I grew up on the outskirts of a medium-sized town in central Texas. Where I lived, Austin felt to me like the biggest, coolest city around. The underdeveloped suburbs might not count as rural for everyone. I didn’t live on a farm, but I did spend a lot of time in rural Texas. I have a friend who hit a couple deer in her day (hi, Catie). I fell in love with open country roads and driving forever to get anywhere. I loved being in the middle of nowhere and knowing that there were so few people around me.
Then I moved to Austin, then Córdoba, Argentina, then Houston, then Atlanta, then Seattle. At some point I realized I wasn’t afraid of starting over. To be honest, I found it liberating. In every new city, I felt myself becoming a truer version of myself.
the case for leaving
Queer people between the coasts have long migrated to their nearest big city. There is safety in numbers, not only for protection, but for being around other people who are like us. There are practical reasons as well: my husband and I couldn’t get married in the state where we met. The fascist supreme court could make that true again in as little as a year.
I also think people underrate fresh starts. It can be so freeing to start over. I’ve grown as a person, become closer to the real me, every time I’ve moved. I’ve advised several friends that it’s okay to leave the hometowns they’ve always known. Leaving can help break old routines and create new ones. Even a new neighborhood can help shake up a mood or an old perspective.
the case for putting down roots
Leaving your community is also challenging for a lot of people. It’s hard to start over. Most people don’t have the money, the resources, or the privilege to cut and run. They may be caretakers for family members or rely on family to help with bills or childcare. Some people simply can’t live out the trope of buying a one-way bus ticket to New York City.
It’s hard to get up and leave for a place where you may have few to no friends. And even for people who can, the grass isn’t always greener. When James and I chose to move to Seattle, we dreamed of a leftist city with a gorgeous climate. Though we have a socialist on the city council, this city is still run in large part by super-rich homeowners. The diversity of the region is more fragmented then our southern former homes. Rising costs of living drive people out of the city on a daily basis.
being in any place
While I was writing this, Dylan Matthews at Vox published an article that surprised me. He reported that 80% of 26-year-olds still lived within 100 miles of where they lived a decade earlier. There are sure to be race and class differences within those numbers, but I thought the percentage would’ve been lower. Are people more likely to stay if their family has lived for generations in an area? Does a teen whose parents move around a lot feel more or less wanderlust?

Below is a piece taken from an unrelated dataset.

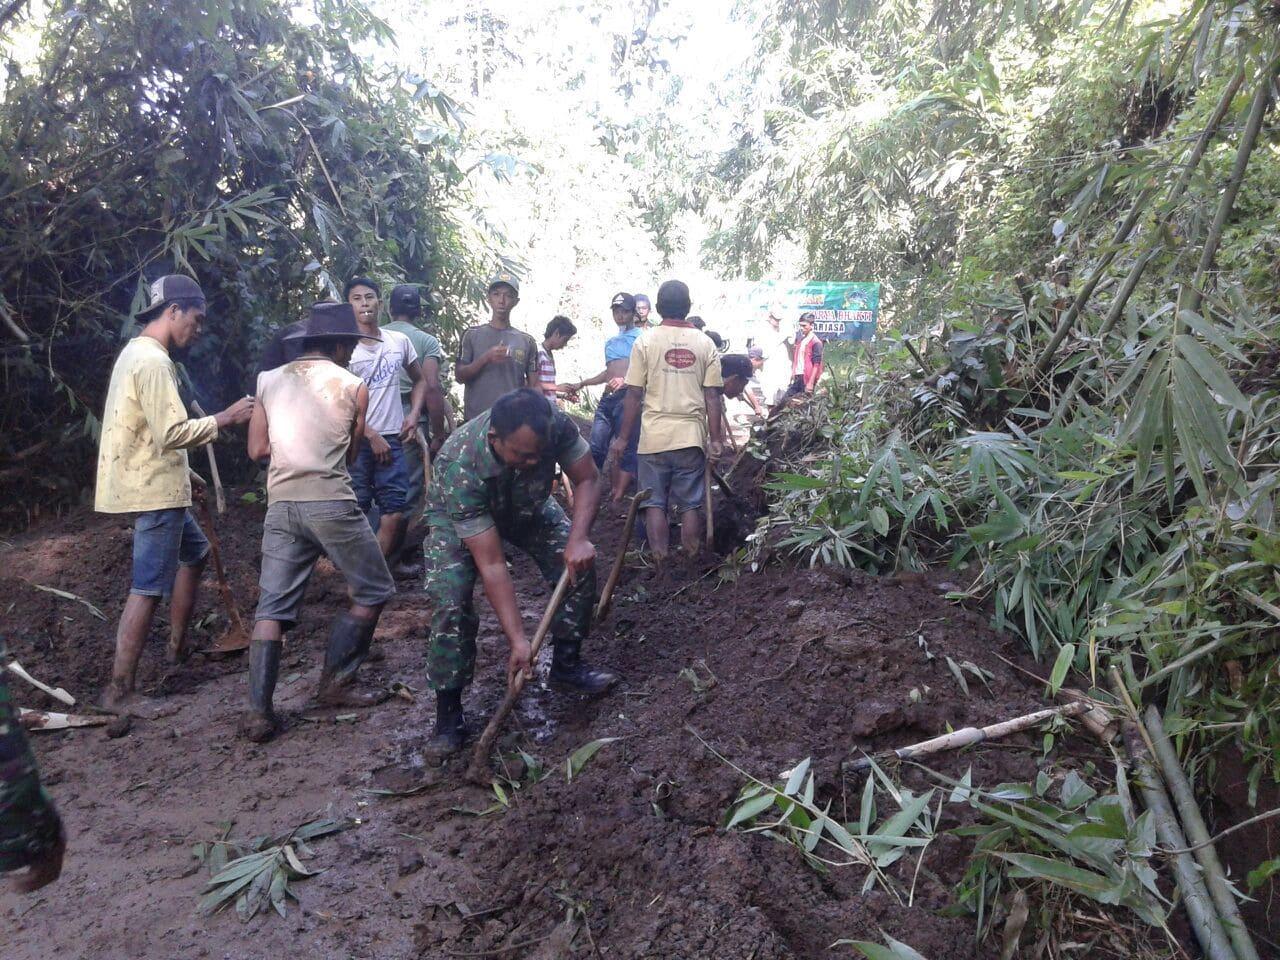 Tanggap Bencana Koramil 02/Arjasa dan Koramil 26/ Jelbuk Gelar Karya Bakti Bersama Masyarakat

There’s also a component to american migration that is uniquely american: manifest destiny. This is a country where settlers spread across the country onto land they didn’t have a claim to. I’ve lived in a few of the “fastest growing cities in america.” Who have I displaced? I’ve left my hometown many times over. What do I owe to the people who could no longer stay where they grew up? I don’t know.
I love living where I live now. Yesterday I was driving south on I-5 and saw the glacier peaks of Tahoma peeking out from behind the hills. No matter where we end up, I think we need to invest our time into it. I want to better connect with the land around me. I want to better connect with my neighbors. If we can each make the world around us a little better, we’ll be better off.